Une grève de complaisance
Dans les allées cruellement désertes de la gare, une jeune femme erre, traînant sa valise derrière elle. Finalement, elle fera comme tous les autres voyageurs : s’installer dans un café et commander à boire ou à manger, histoire de passer le temps. Au gré des couloirs, on perçoit des «ras-le-bol», des soupirs et des queues interminables devant les guichets : «Vous n’êtes qu’une bande d’ingrats !» lâche une vieille dame, avant de quitter les lieux, le pas rapide et les sourcils froncés. Les voyageurs ont l’œil hagard, la main sur le téléphone pour attraper le dernier covoiturage. Sur les quais, le scénario est digne d’un des meilleurs no man’s land. On entendrait même les mouches danser entre deux annonces au micro : « Suite à une grève nationale, la circulation des trains est très perturbée et la SNCF vous recommande de reporter vos déplacements ». Des précautions, Géraldine a eu la bonne idée d’en prendre. Installée sur une banquette vermeille, elle jette des coups d’œil fébriles à son téléphone toutes les secondes, elle attend son covoiturage. Son voyage est programmé mais la colère se lit pourtant sur son visage rougi quand elle s’emporte : «C’est inadmissible ! Je ne peux pas concevoir que l’on pénalise les gens qui vont au boulot». Cette rogne à l’égard des cheminots, on la retrouve un peu partout.
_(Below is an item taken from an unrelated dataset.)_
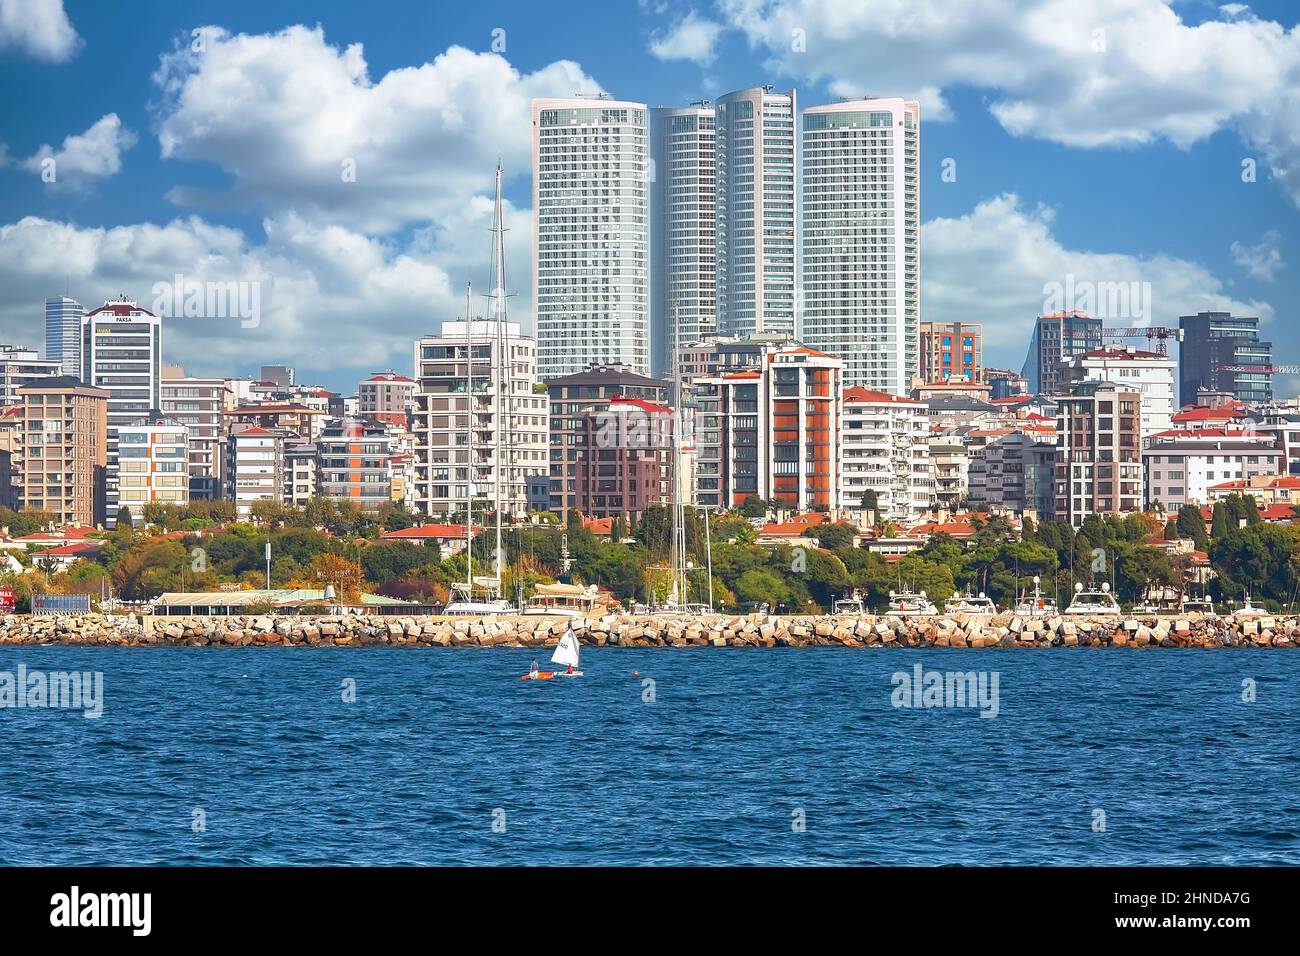 ISTANBUL, TÜRKEI - 9th. Oktober 2019: Echte Architektur am Ufer des Bosporus, beliebtes Reiseziel und wichtiger Durchgang zwischen der EU Stockfoto
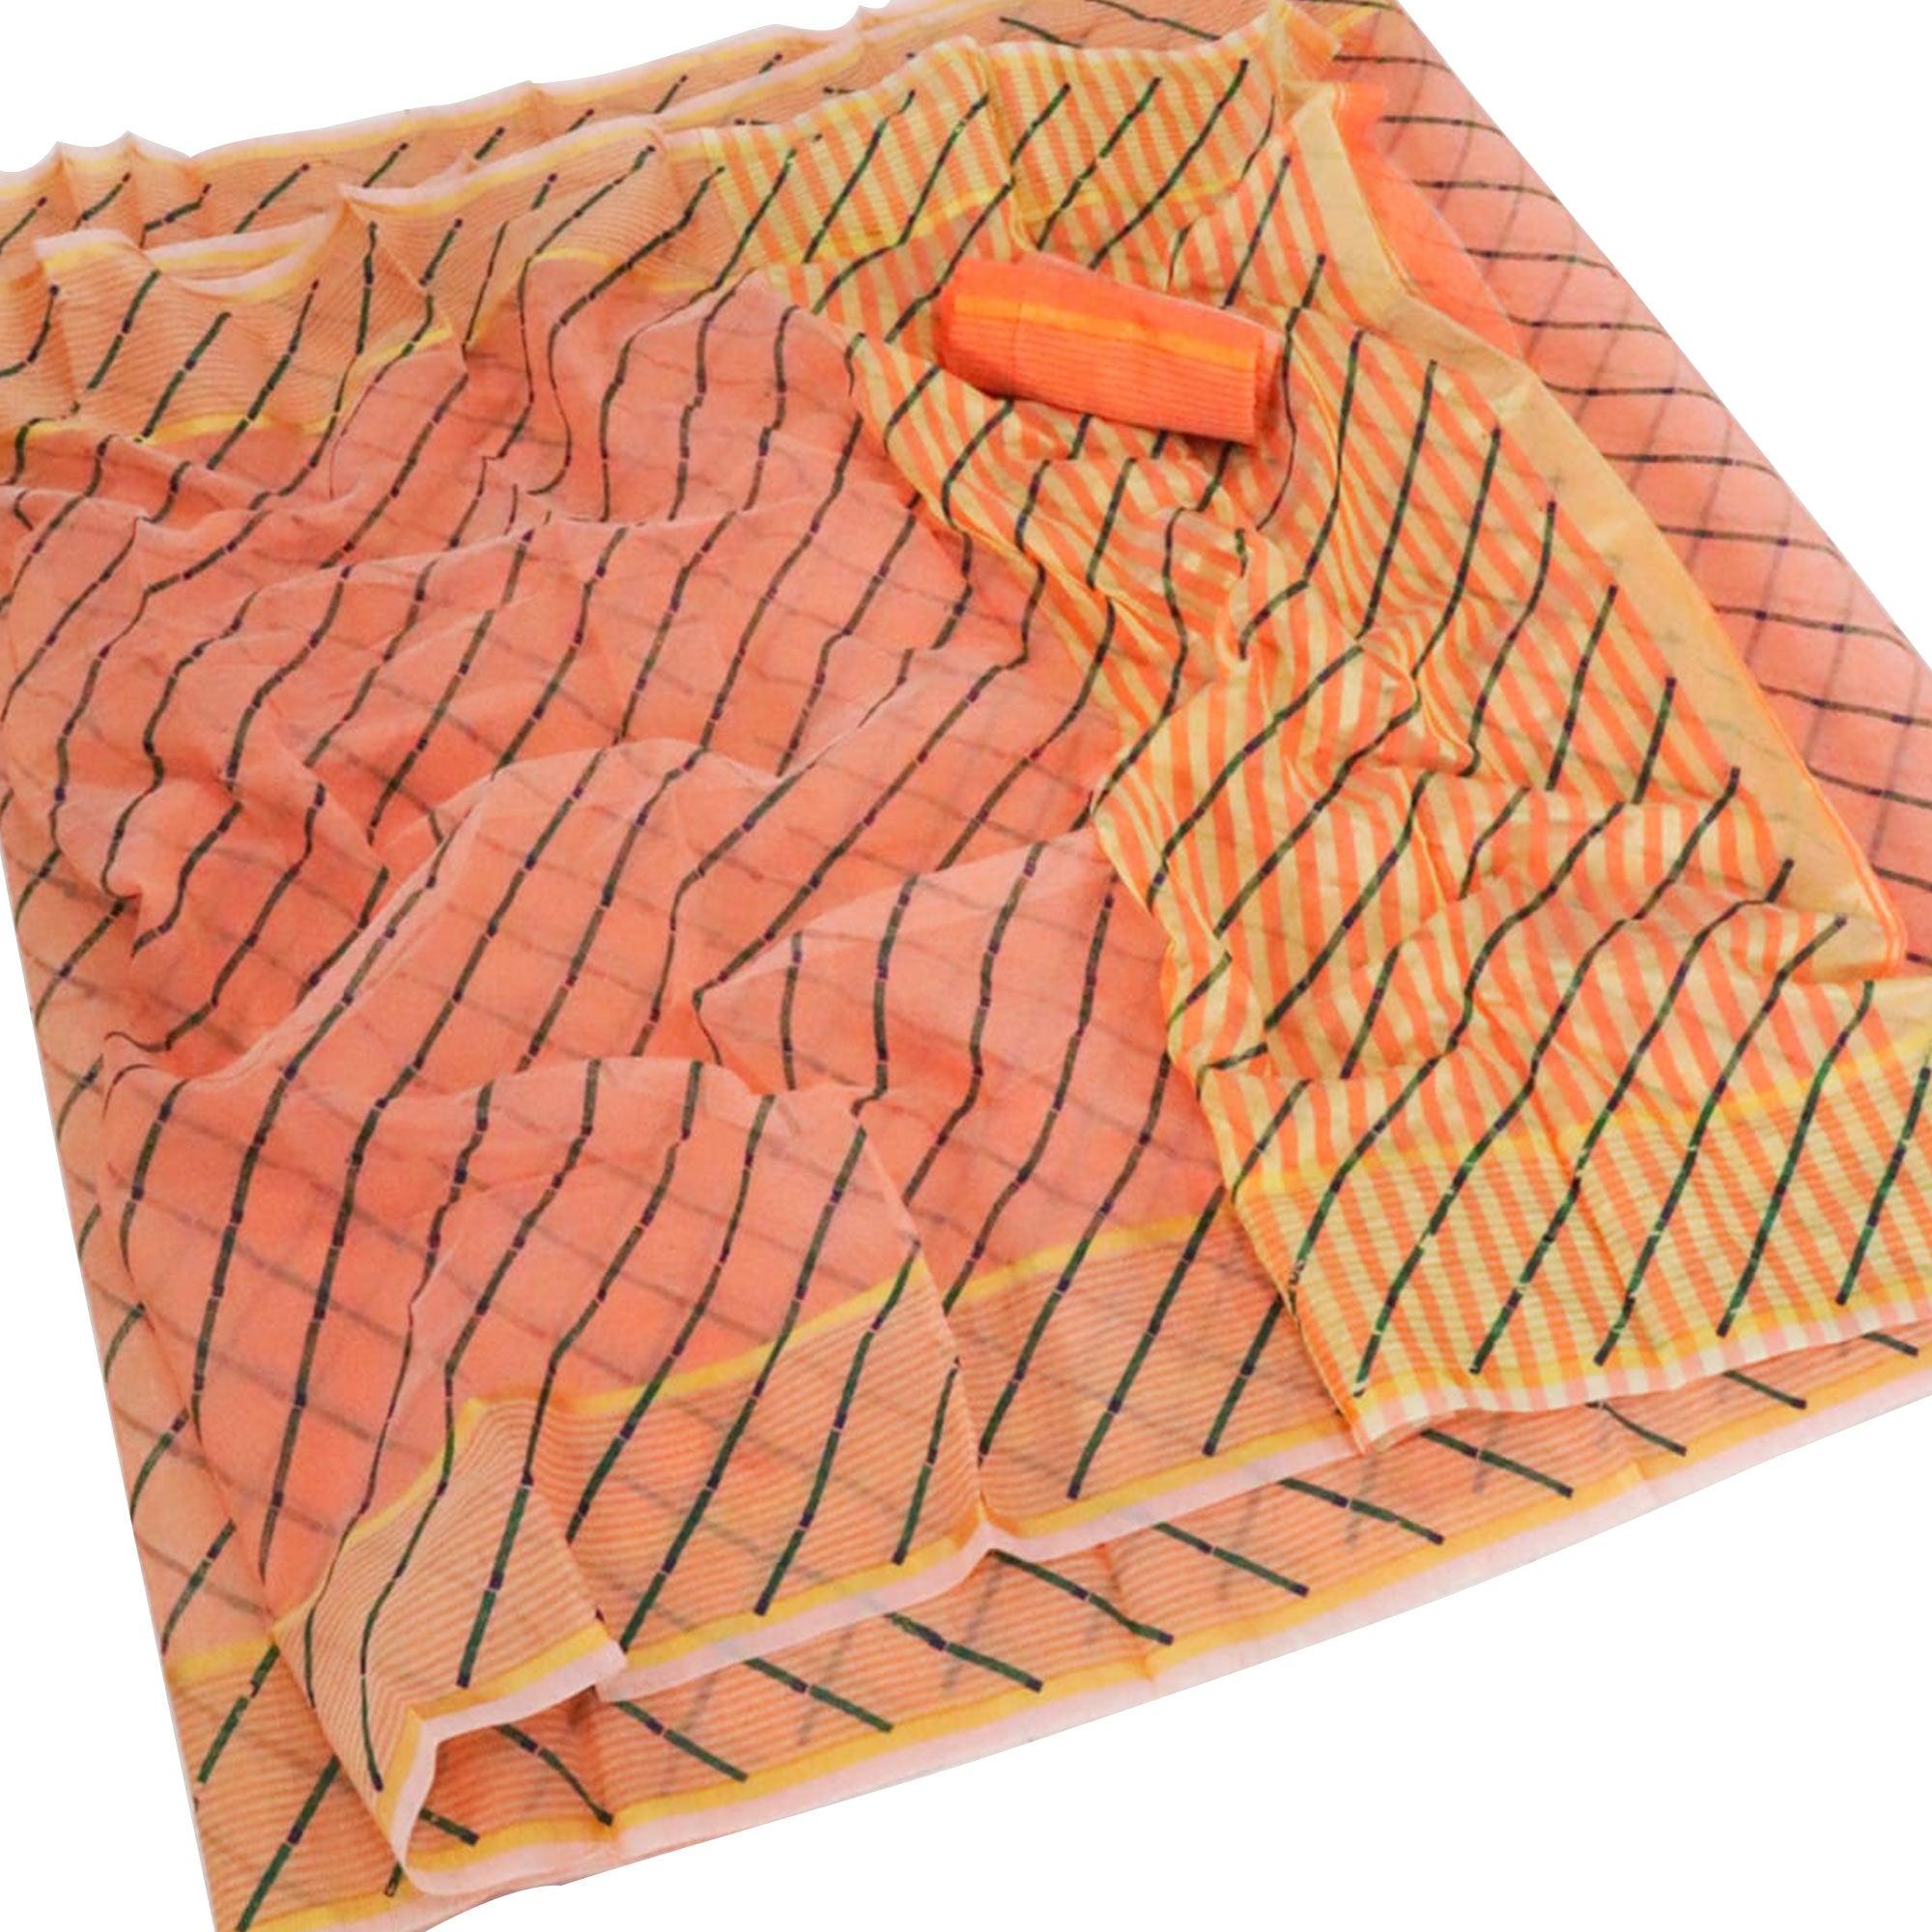 Unique Orange Colored Casual Wear Stripe Printed Kota Doria Cotton Saree With Tassels - Peachmode

Près du quai des arrivées, Poerami est assise, enfoncée dans son siège. Enveloppé dans sa parka bleue, ses yeux sont à peine visibles sous sa capuche à fourrure. Les bras croisés, elle lâche dans un soupir : «Je dois attendre jusqu’à 16H pour prendre un train. Les cheminots n’y gagneront rien, ils ne font que bloquer la France» constate-t-elle, désabusée. Et le blocage ne fait que commencer puisque la grève perlée devrait s’étendre sur trois mois … Autrement dit, les usagers ne sont pas au bout de leurs peines.